What is helpful is if someone will make mention of you in their prayers in thanksgiving and petition while remembering specifics about why they thank God for you and the needs that you have. That is helpful to you whether you even know about it because 1) God deserves the praise and thanksgiving, and 2) God can do something about any need that you have.

There is an interesting word play that occurs in the transition from verse 2 to verse 3 concerning what they made mention in their prayers concerning the Thessalonians and their remembering their work and character. The word for “mention” in verse 2, mneiva / mneia, and the word for “bearing in mind” (NASB) or “remembering” (NKJV, ESV), mnhmoneuvw / mnāmoneuō, come from the same root word. They are mentioning what is remembered in their prayers and it is what the Thessaloninians did and were like that they are remembering to mention.

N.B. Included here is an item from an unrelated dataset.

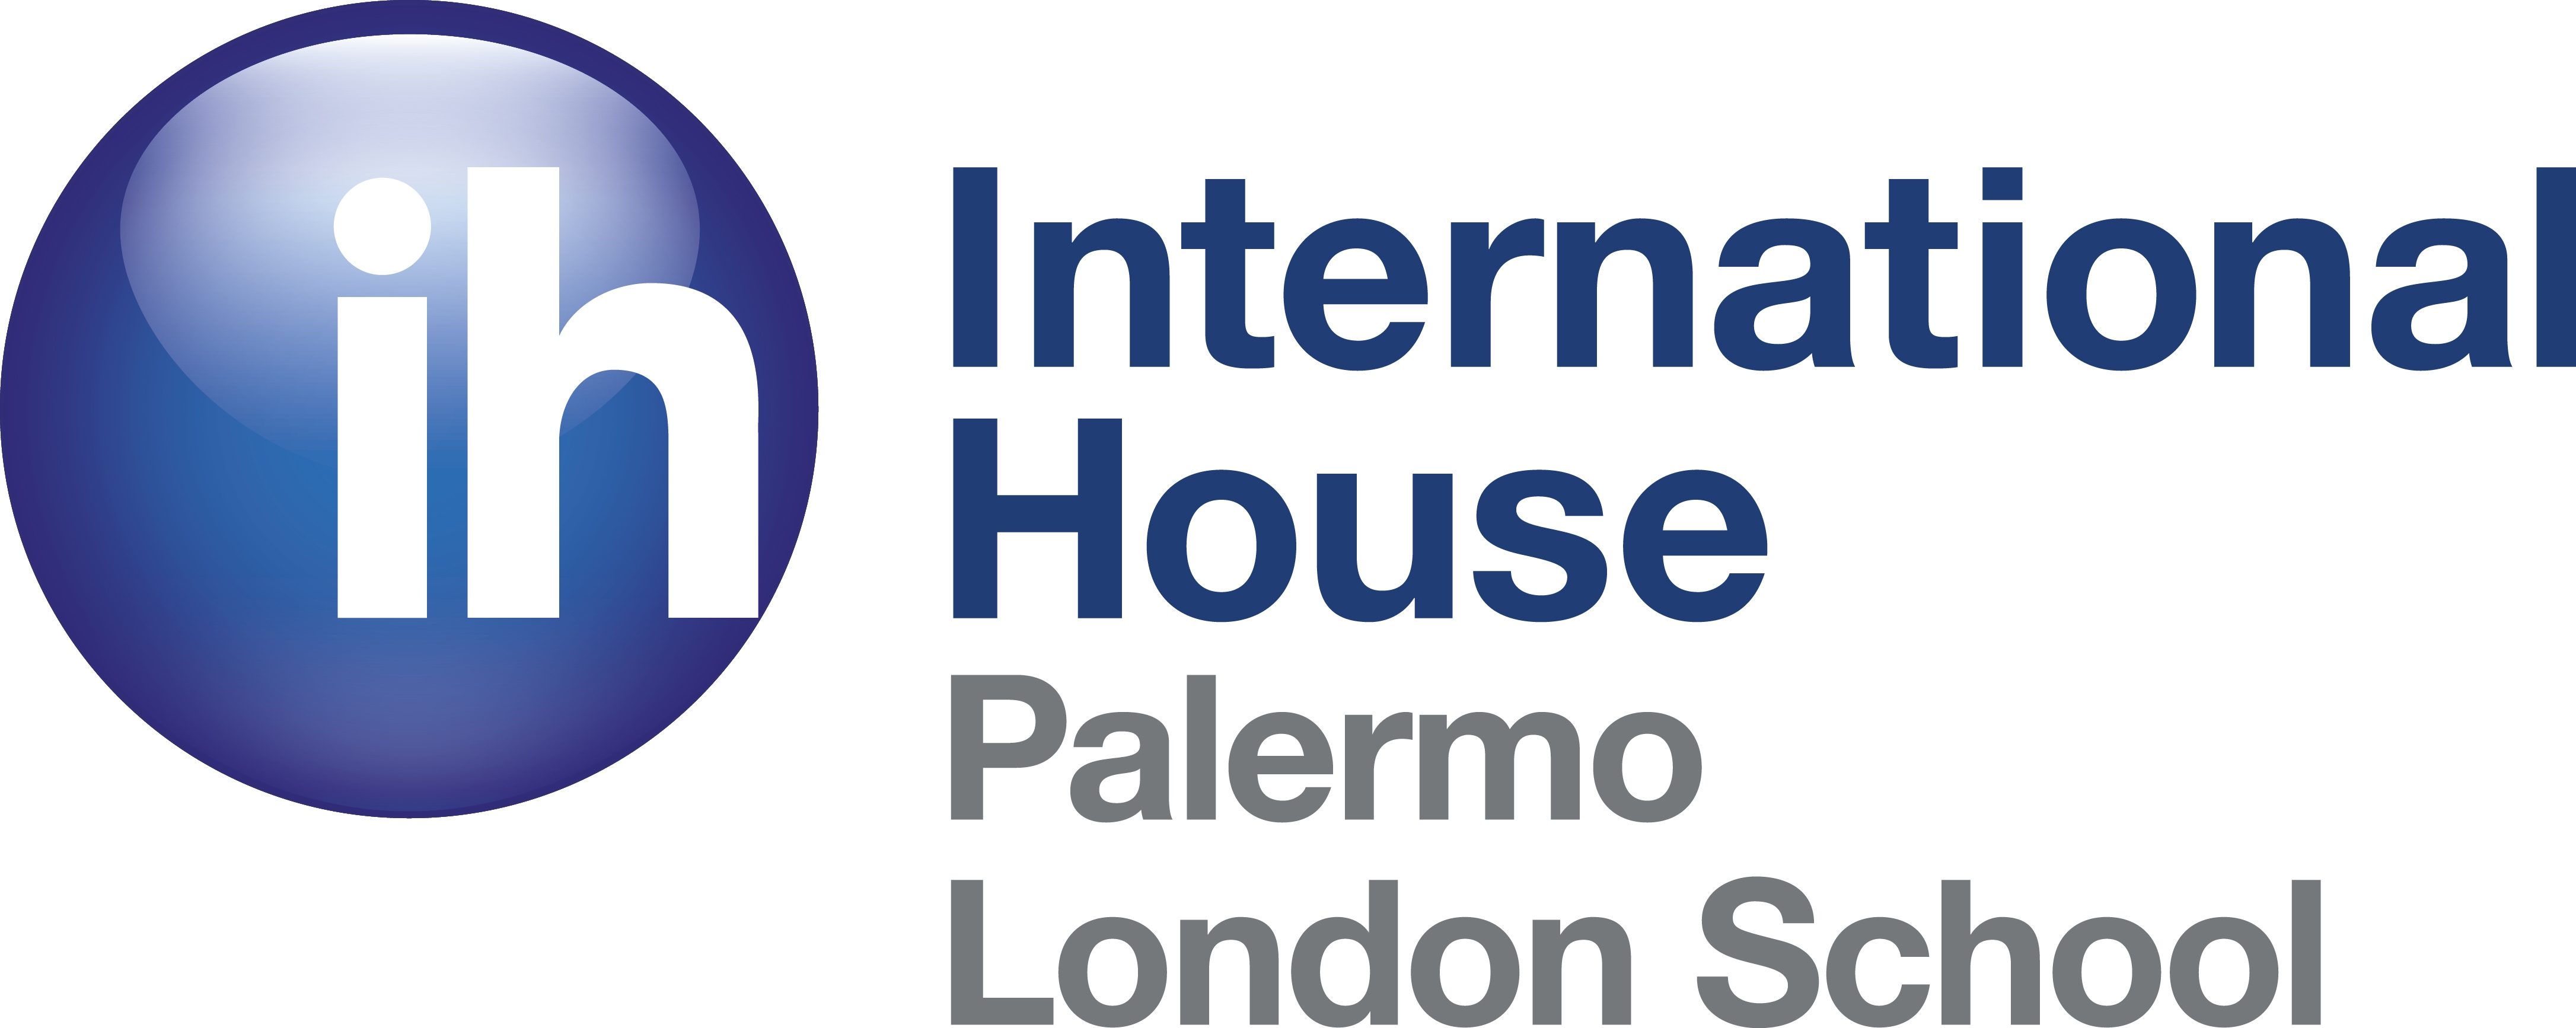 LONDON SCHOOL INTERNATIONAL HOUSE DI FABIOLA CORDARO & C. S.A.S

The transition from verse 2 to verse 3 also makes another important point about this. I think we all understand the adage, “Out of sight, out of mind.” The normal human tendency is to focus thinking on what is happening at the present time and all the more so if the particular activity requires more concentration to accomplish. Some activities, such as running for physical exercise, are fairly mindless so we can think about other things while we are doing them. Other activities, such as figuring out your income tax or a new computer program, take a lot of concentration so that of necessity you must put other things out of your mind. However, all of us also know that at times something is so important to you that you continue to keep thinking about it even when you are trying do other things. That is the sense here in verses 2 of their giving thanks to God for them always and making mention of them in their prayers constantly remembering their virtuous actions and character. They were doing this “always” and “constantly” because the Thessalonians were much on their minds.

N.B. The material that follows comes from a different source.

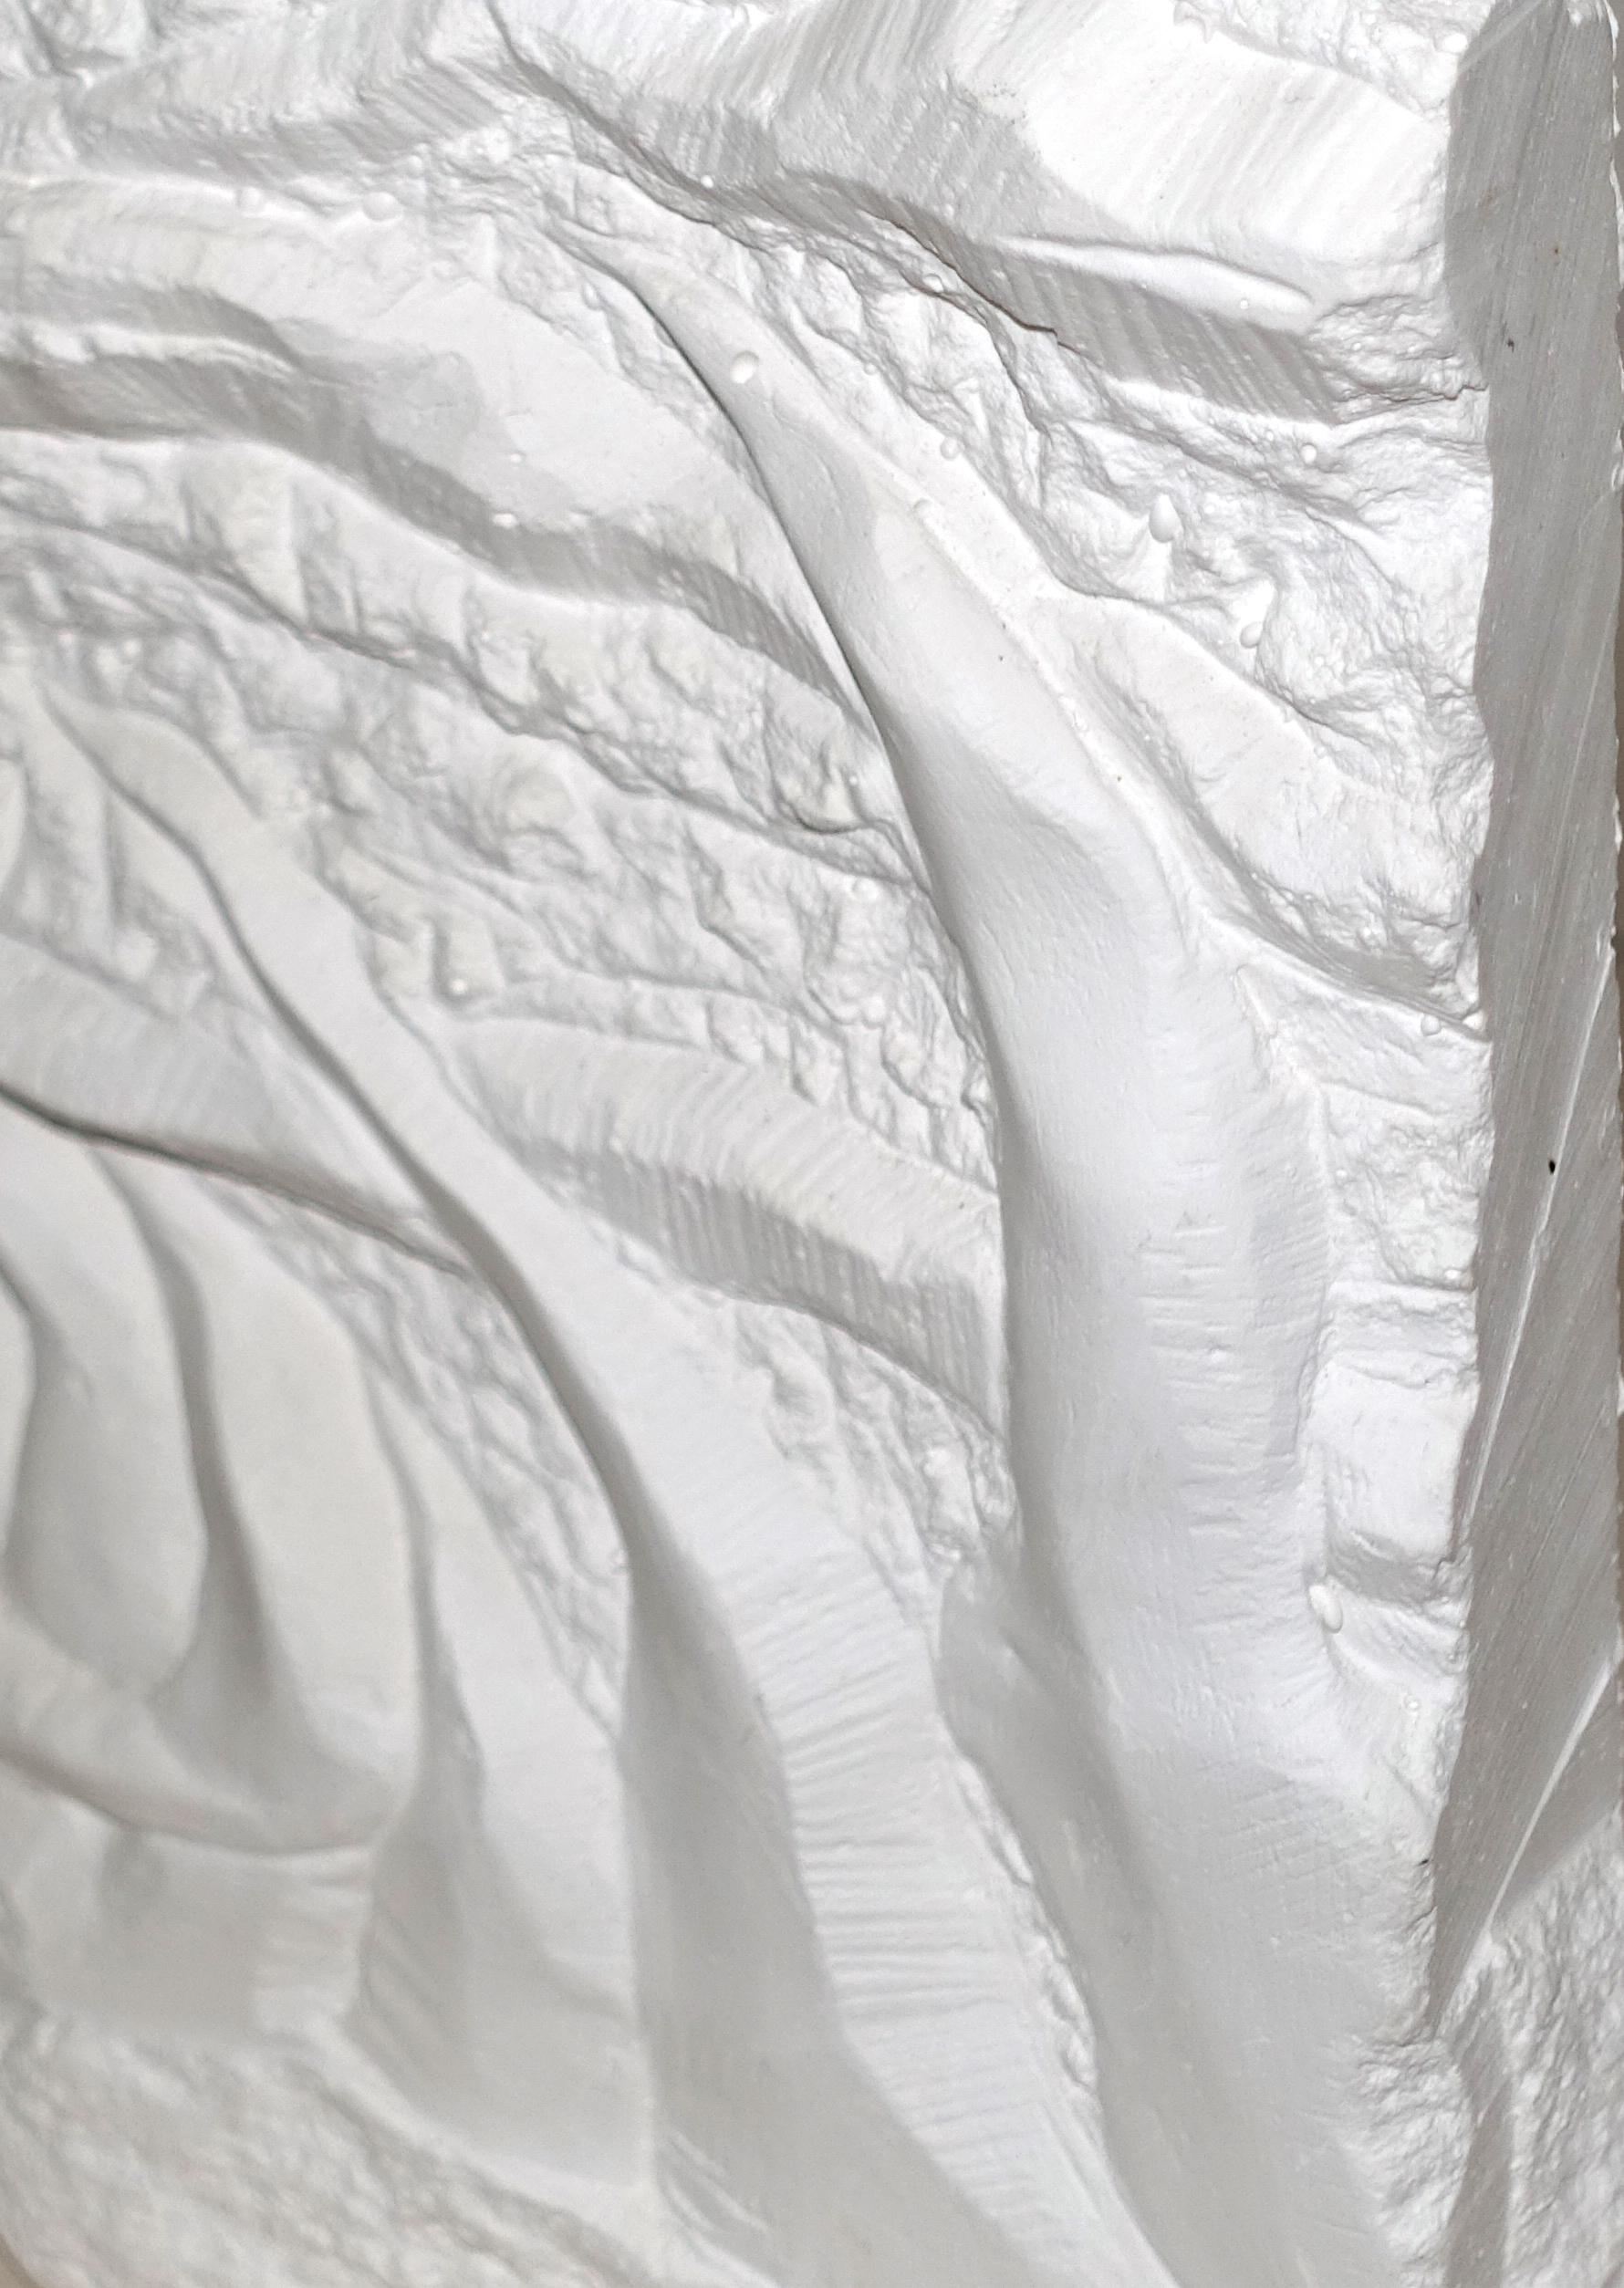 Fertile Sea: weiße abstrakte Reliefskulptur des Ozeans, an Wand oder Regal montiert (Abstrakt), Sculpture, von Ava Blitz

The specifics being remembered and mentioned are their work of faith, their labor of love, and their steadfastness of hope in the Lord Jesus. This is a logical threefold step in intensity and perspective. The grammatical emphasis in this progression is on work, labor and steadfastness, with labor being more intense than work and steadfastness more intense than labor. Each is further described with the modifiers faith, love and hope which is a logical order in sequence and time. Faith lays the foundation and looks to what has already happened, the past. Love is the expression of faith in the present. The result is hope which is a confident assurance of the future in the Lord Jesus Christ. To slightly modify G.R. Harding Wood’s description of this, “Faith looks back to a Crucified Savior. Love looks up to a Crowned Savior. Hope looks [forward] to a Coming Savior.”

What are each of these? Warren Wiersbe points out that the simple answer is in the text itself in comparing verse 3 to verses 9-10. Their work of faith is that they turned to God from idols. Their labor of love is in serving the living and true God. Their steadfastness of hope is in their waiting for the return of God’s son, the Lord Jesus, from heaven. Let’s look at each of these in more detail.

Their Work of Faith – 1 Thessalonians 1:3

Paul only uses this particular phrasing, work of faith, here and in 2 Thessalonians 1:11. Paul makes very strong statements in Romans and Galatians that separate righteousness based on works of the law and justification based on faith. For example, Romans 3:28, “For we maintain that a man is justified by faith apart from works of the Law,” and Galatians 2:16, “nevertheless knowing that a man is not justified by the works of the Law but through faith in Christ Jesus, even we have believed in Christ Jesus, so that we may be justified by faith in Christ and not by the works of the Law; since by the works of the Law no flesh will be justified.” However, as seen here, Paul does make a connection between work and faith in that there is a “work of faith” and faith will result in works.

What is the work of faith? The concept actually begins with Jesus’ interaction with a crowd in John 6:27-29, Jesus said, 27 Do not work for the food which perishes, but for the food which endures to eternal life, which the Son of Man will give to you, for on Him the Father, God, has set His seal.” 28 Therefore they said to Him, “What shall we do, so that we may work the works of God?” 29 Jesus answered and said to them, “This is the work of God, that you believe in Him whom He has sent.” If you want to do the work of God, then the first work is to have faith in Jesus Christ whom God sent. You have to believe that Jesus’ claims to be the Son of God, the Messiah from God, are true along with all the ramifications of such a belief.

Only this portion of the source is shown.